5. Babies ‘R’ Us and I have always had a horrible relationship. I have always hated it, what with it’s hugely tall shelves and inability to hire anyone with more than 4 or 5 functioning brain cells. Having had what only can be described as ‘premature nesting obsession,’ Dave and I trekked out to EVERY OTHER CONCEIVABLE STORE THAT MIGHT HAVE BABY FURNITURE LIKE A DRESSER OR AN ARMOIRE. We even went to Baby Depot (which is s.c.a.r.y.) and Wicks.

In the end, we were defeated, especially after learning that the internet charges $70+ for shipping furniture, so onward to Babies ‘R’ Us we trudged. And we were in and out within 20 minutes with a changing table, chiffenrobe (whatEVER that is) and a glider.
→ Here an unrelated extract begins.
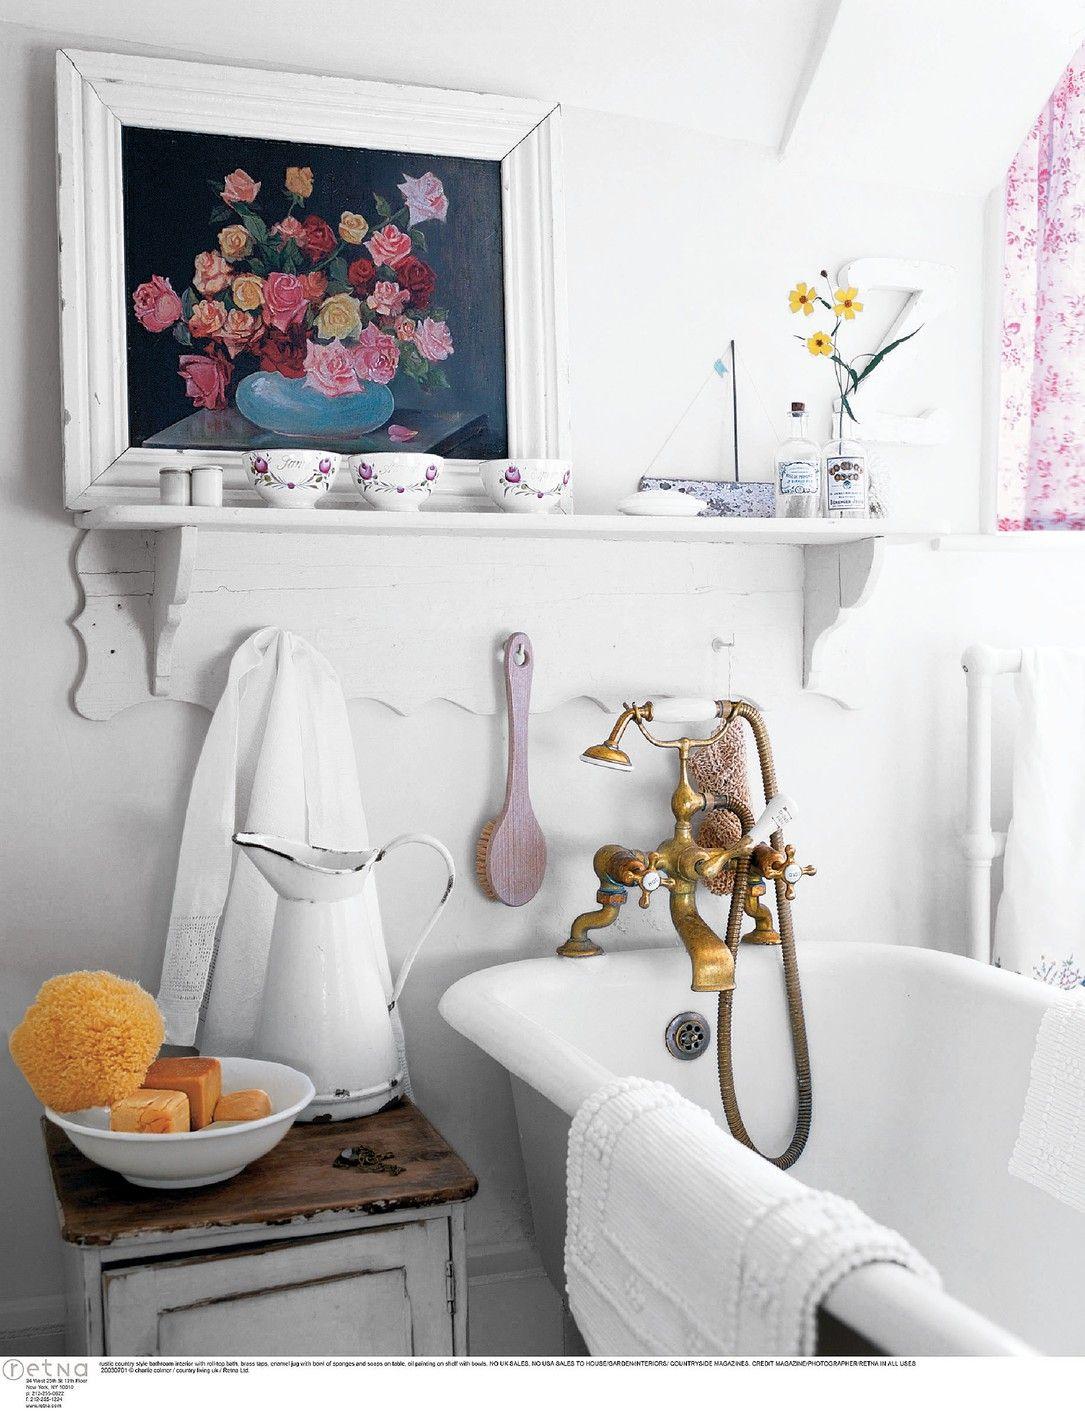 Tremendous 47 Rustic Bathroom Decor Ideas Rustic Modern Bathroom Designs Home Interior And Landscaping Ologienasavecom

It was un_fucking_real.

And as for me, these days I’m neither here nor there.

Ring Of Fire

January22

Along with the new-and-improved fat pattern distribution, and the lovely accordion like belly skin, Ben has imparted upon me a more lasting legacy. A more centralized and less forgettable type of bodily change, making me prone to looking as though I have nits.
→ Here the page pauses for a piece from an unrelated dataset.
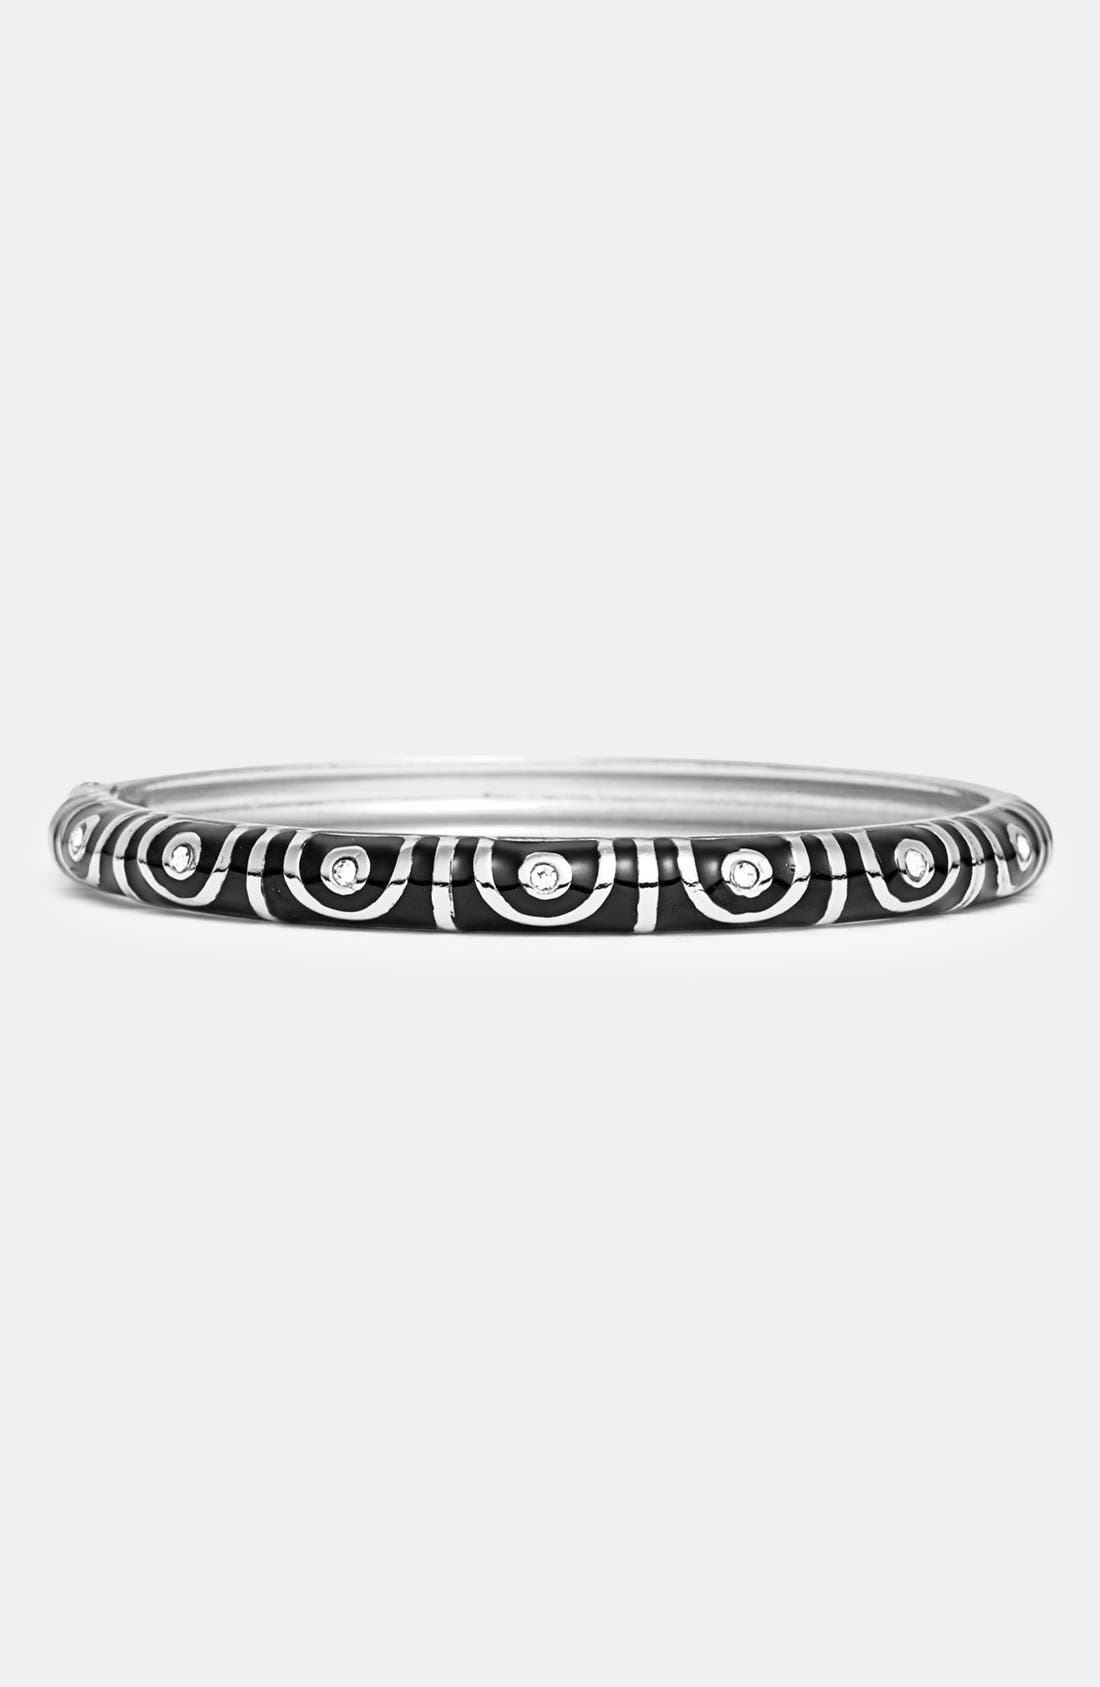 Alternate Image 1 Selected - Sequin Small Hinged Bangle Bracelet

I didn’t, unfortunately, think about the consequences of pushing out a child dubbed ‘Buckethead.’ Possibly the most horrific thing to happen to a freshly 21 year old mother (besides forceps and 4th degree tearing). A hemorrhoid. Yes, folks, it’s true. The ‘roids are not only for the old and infirm. The young, nubile, swollen, and fat get them too. And ass pillows.

God, the ass pillows.

I’m waiting until I’m done pushing out the crotch parasites and then I’ll get them cut off. Until then, I’ll pretend that I’m buying the economy sized vat of Preparation-H for my mother and laugh uncomfortably whenever anyone comes across my ass pillow.

Oh, who am I kidding.

The second I got my Tucks, I labeled them “Ass Pads” and displayed them on top of our toilet. If you can’t beat ’em, announce it proudly to the world.